Monitoring the SQL warehouse is essential to understand the load profile over time and to manage the SQL warehouse efficiently. With SQL warehouse monitoring, you can view information, such as the number of queries handled by the warehouse or the number of clusters allocated to the warehouse.
Auto Loader provides a SQL API for inspecting the state of a stream. With SQL functions, you can find metadata about files that have been discovered by an Auto Loader stream. See Monitoring Auto Loader.
With Apache Spark Streaming Query Listener interface, Auto Loader streams can be further monitored.
An event log is created and maintained for every Delta Live Tables pipeline. The event log contains all information related to the pipeline, including audit logs, data quality checks, pipeline progress, and data lineage. You can use the event log to track, understand, and monitor the state of your data pipelines. See Monitor Delta Live Tables pipelines.
Streaming is one of the most important data processing techniques for ingestion and analysis. It provides users and developers with low latency and real-time data processing capabilities for analytics and triggering actions. The Databricks Data Intelligence Platform allows you to easily monitor Structured Streaming queries. See Monitoring Structured Streaming queries on Databricks.
Additional information can be found in the dedicated UI with real-time metrics and statistics. For more information, see A look at the new Structured Streaming UI in Apache Spark 3.0.
Every service launched on a cloud will have to take limits into account, such as access rate limits, number of instances, number of users, and memory requirements. For your cloud provider, check the cloud limits. Before designing a solution, these limits need to be understood.
Specifically, for the Databricks platform, there are different types of limits:
Databricks platform limits: These are specific limits for Databricks resources. The limits for the overall platform are documented in Limits.
Unity Catalog limits: Unity Catalog Resource Quotas
Subscription/account quotas: Databricks leverages cloud resources for its service. For example, workloads on Databricks run on clusters, for which the Databricks platform starts cloud provider’s virtual machines (VM). Cloud providers set default quotas on how many VMs can be started at the same time. Depending on the need, these quotas may need to be adjusted.
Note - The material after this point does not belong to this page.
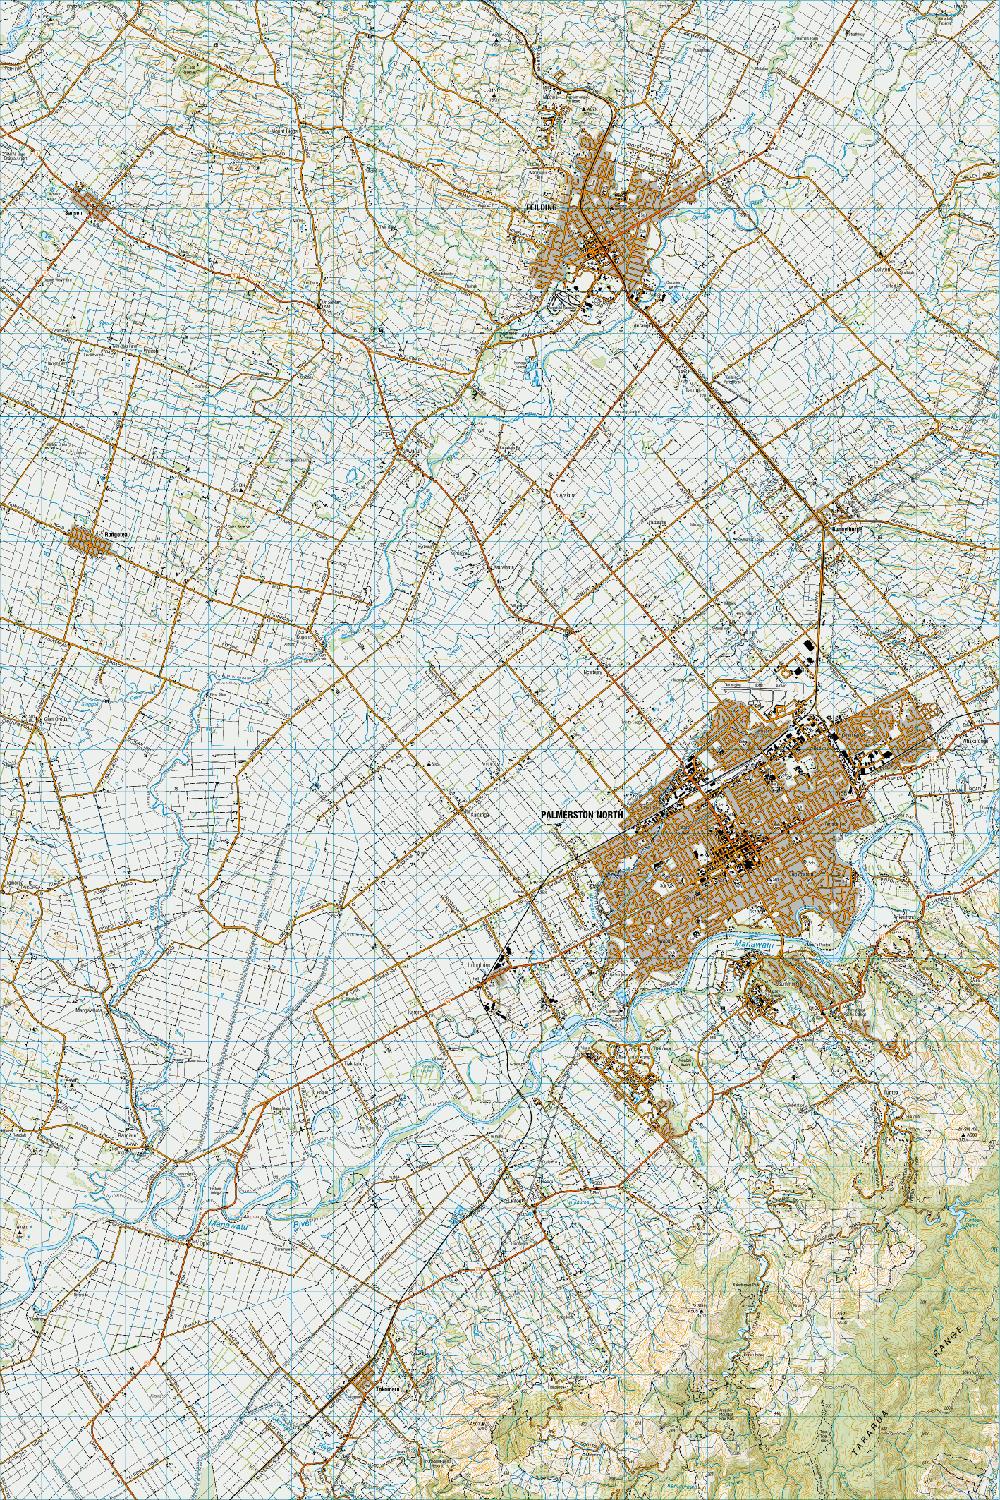 Topo map of Palmerston North

For further details, see Amazon EC2 service quotas.
In a similar way, storage, network, and other cloud services have limitations that need to be understood and factored in.
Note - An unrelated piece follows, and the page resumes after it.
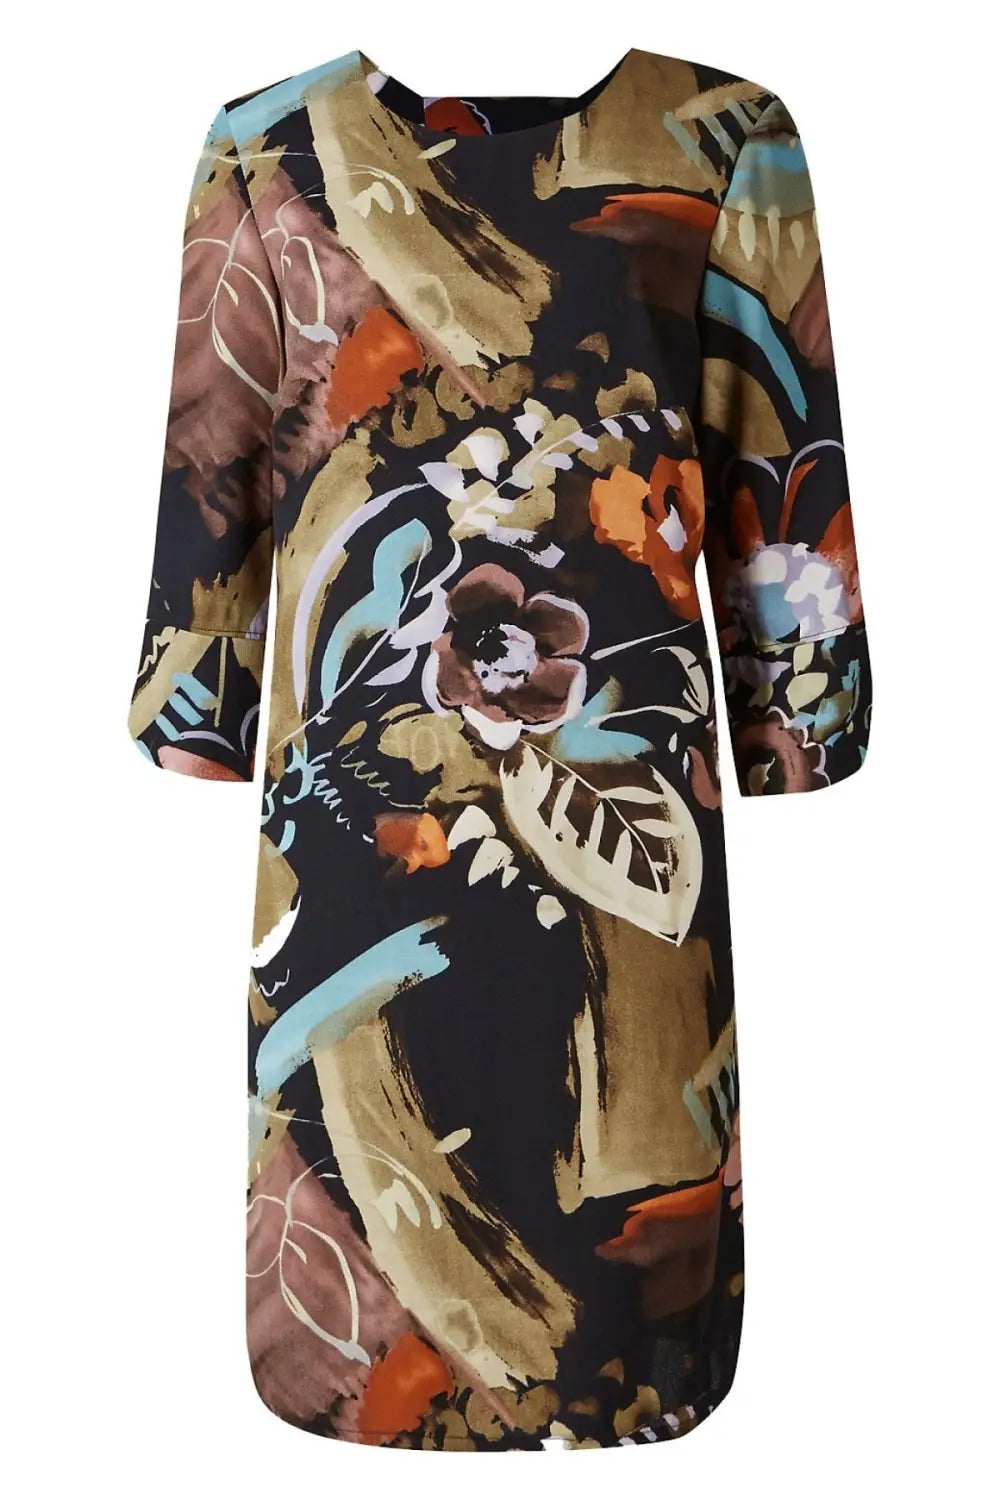 M&S Abstract Print Tunic Dress

Plan for fluctuation in the expected load that can occur for several reasons like sudden business changes or even world events. Test variations of load, including unexpected ones, to ensure that your workloads can scale. Ensure all regions can adequately scale to support the total load if a region fails. To be taken into consideration:
Technology and service limits and limitations of the cloud. See Manage capacity and quota.
SLAs when determining the services to use in the design.
Cost analysis to determine how much improvement will be realized in the application if costs are increased. Evaluate if the price is worth the investment.